Can we predict car accident risk on individual road segments in Utah? Let's do our best using the power of ArcGIS and Python!
For questions about these notebooks, or to obtain the data needed to run them, please contact Daniel Wilson
We are approaching this from a supervised machine learning perspective. Using a training set of hours where accidents occurred, augmented by a sample of times/roads where they didn't, we are training a gradient boosting model with a cross-entropy loss function (logistic regression) to estimate the accident risk. Note that I say risk - we are not estimating the probability directly, but the risk is proportional to the probability. This issue stems from class imbalance: There are about 400k accidents, but when looking at all the segments and times where they didn't occur, we're now talking about 200M+ training examples. That's what we call a severe class imbalance issue. We keep the training set slightly imbalanced, and use an informative sampling approach to get the model to learn the fine grained differences between what causes a car accident or not.
We have 7 years from car crash records for the state of Utah, but that's only the start of our training set for this supervised machine learning problem. We use many different features to try to differentiate between car accidents occuring or not. These include:
- Road Features
- Curvature (Sinuosity)
- Orientation (East/West vs North/South)
- Speed Limit
- Surface Type
- Surface Width
- Annual Average Daily Traffic (AADT)
- Proximity to nearest intersection
- Proximity to nearest signal
- Proximity to nearest major road
- Proximity to nearest billboard
- Population density
- Historical accident counts
- Weather Features
- Temperature
- Visibility
- Precipitation/Snow Depth
- Icy
- Raining
- Snowing
- Hailing
- Thunderstorming
- Temporal Features
- Solar Azimuth/Elevation
- Time of day
- Day of the week
- Month
There are more that we could add, and likely will as we refine this process.
We use ArcGIS Pro and Arcpy to perform some geoprocessing, followed by the ArcGIS API for Python, Pandas, and scikit-learn to prep the data. We also use some miscellaneous libraries along the way, such as Astral for solar geometry computation.
The weather data is pulled from the NOAA's API and aggregated into hourly bins per weather station. Currently, we chose to snap each road to the nearest weather station. We realize this is a poor approach, and will implement interpolation/regression to accurately asses weather conditions for each road. We would also like to bring in better weather sources, as well as real time weather forecasting as we build this into a more realtime application for situational awareness.

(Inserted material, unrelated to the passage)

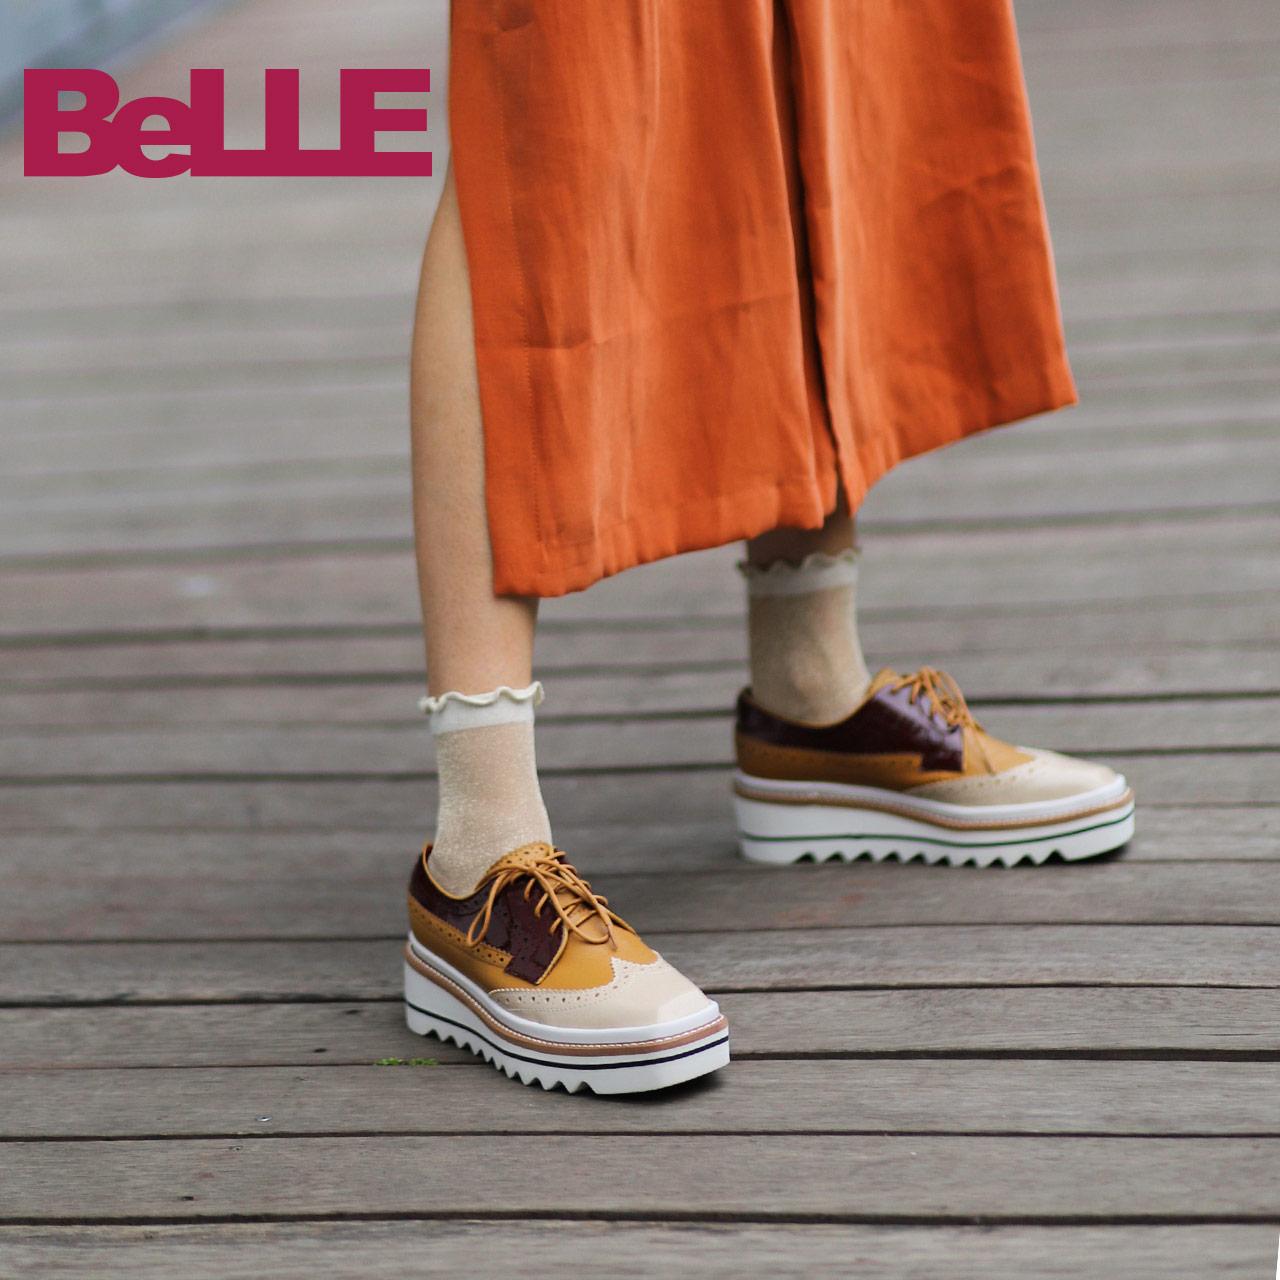 Belle-百丽女鞋松糕鞋2018秋商场同款雕花休闲单鞋T1Z1DCM8

Any categorical variables are one-hot encoded using panda's pd.get_dummies
and all continuous
variables are converted to a z-score using scikit-learn
's StandardScaler
.
We use XGBoost library for the supervised machine
learning model. We also experimented with Deep Neural Networks, but found gradient boosting to work
better. The model is trained using a max_depth
of 6, min_child_weight
of 5.0, and a L2 penalty term
(reg_lambda
) of 1.0. We train until completion of best accuracy on a validation set with 25 rounds of
early stopping.
- prep_static_features.ipynb - ArcPy preparation of the road features
- get_weather.ipynb - pulls/transforms the NOAA weather data
- prepare_training_data.ipynb - builds a training set CSV file
- train_model.ipynb - trains the model and plots results.